We collected data from the publications on the following variables: duration of follow-up in each study, type of radiographic evaluation used to detect CRT in each study, and whether the study was designed to evaluate only symptomatic CRT vs. total CRT (symptomatic and asymptomatic).

One author (W.S.) evaluated the data from each study and compared the data with the publication for completion. Any discrepancy was resolved through discussion with the investigator.

Quality Assessment

Two authors (W.S. and T.M.) independently and in duplicate evaluated the methodological quality of the different studies using criteria described by Jadad et al. [20] for randomized clinical trials, and using the Newcastle-Ottawa Scale by Wells et al. [21] for nonrandomized prospective cohort studies. This quality assessment was not used to weigh the studies differently during the analyses.

Data Synthesis and Analysis

For subjects who received more than one catheter during the course of any of the studies [8, 22, 23], only outcomes observed while they had their first device in place were evaluated in this project. If the study had data on cancer and non-cancer subjects[24], we only used the data reported on the cancer subjects.

CRT was treated as a binary outcome. All the risk factors were treated as categorical and dummy variables were created for each category. A separate category was created for missing data for each variable, and a dummy variable was created for this category and was included in the regression analyses. This category [missing data category] was never chosen to be the referent group for any of the analyses.

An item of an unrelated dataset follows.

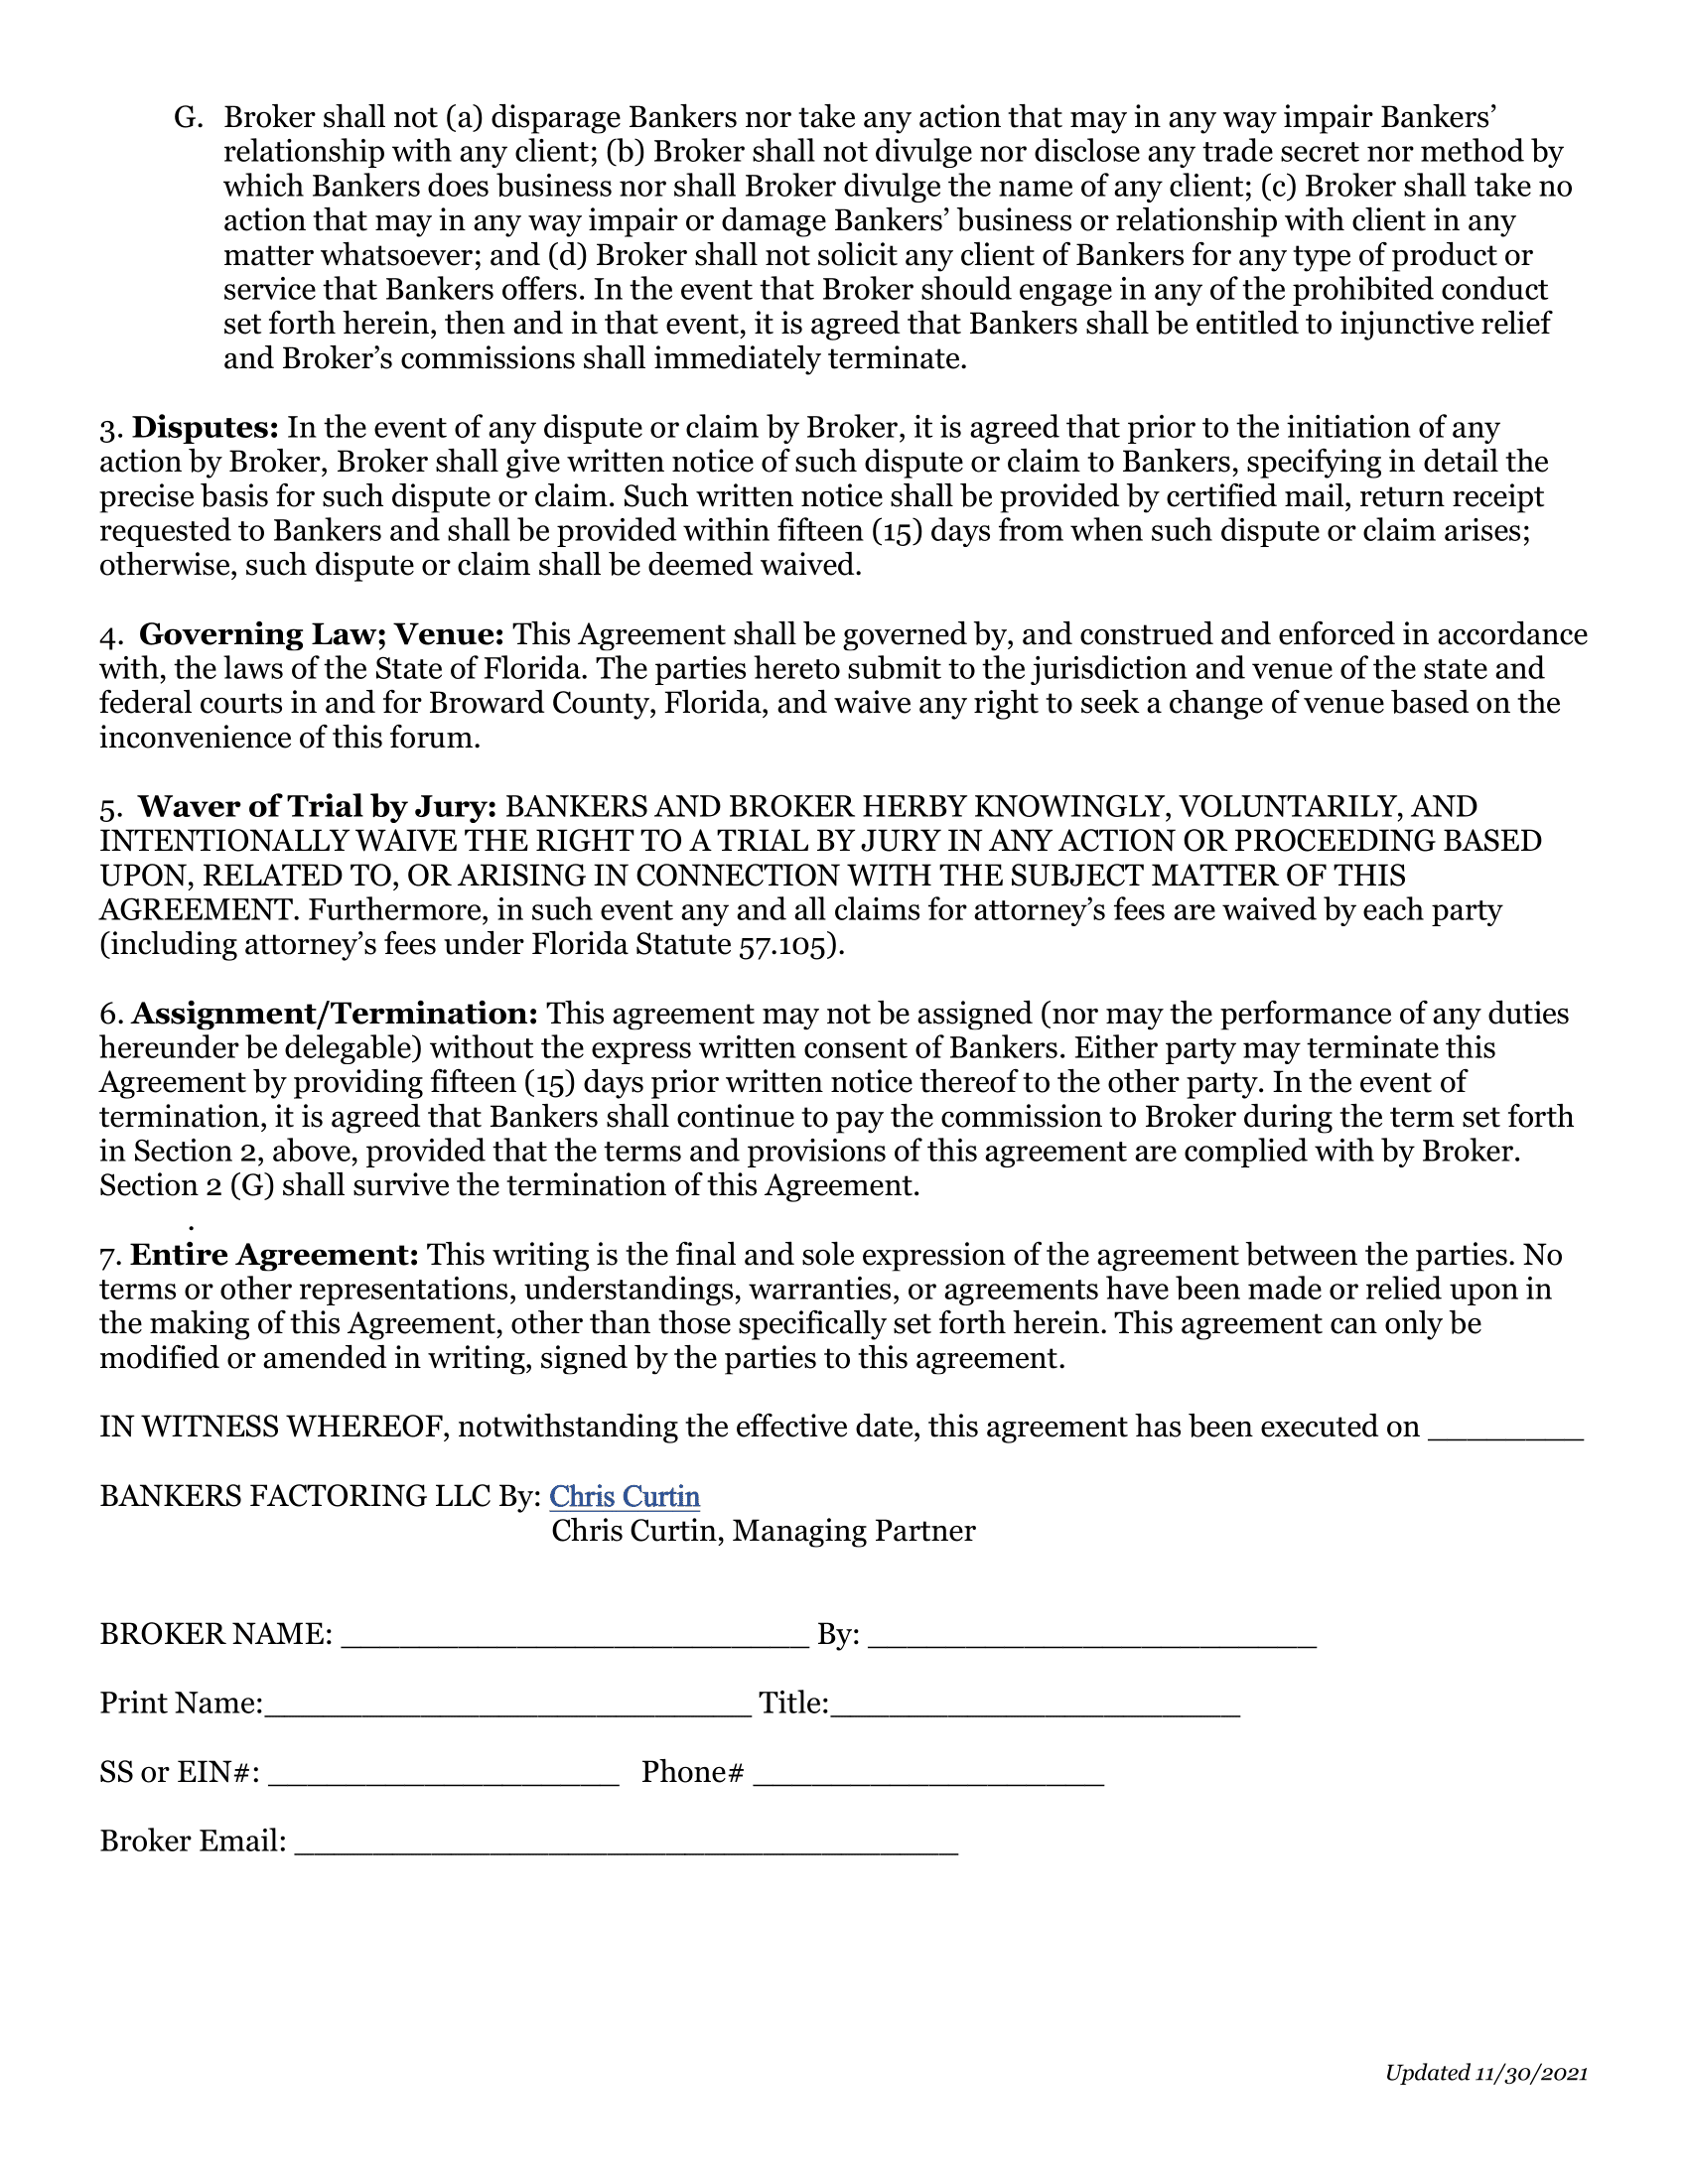 Online Broker Agreement Page One

We conducted an unconditional multivariate logistic regression including all the prespecified baseline factors. We were unable to conduct a conditional logistic regression because some studies did not collect data on several variables that we adjusted for. The risks for CRT were expressed as odds ratios (OR), with corresponding 95% confidence intervals (CI).

For any risk factor that was significantly associated with CRT in the multivariate model, we assessed whether the association between this risk factor and CRT varied significantly between studies; this was accomplished by creating an interaction term between the risk factor and a variable that indicated study membership. Univariate logistic regression was employed for this analysis.

We plotted a freedom from CRT survival curve for the entire sample using the Kaplan-Meier method. Survival data were lacking from several studies, so we were unable to account for potential competing risks.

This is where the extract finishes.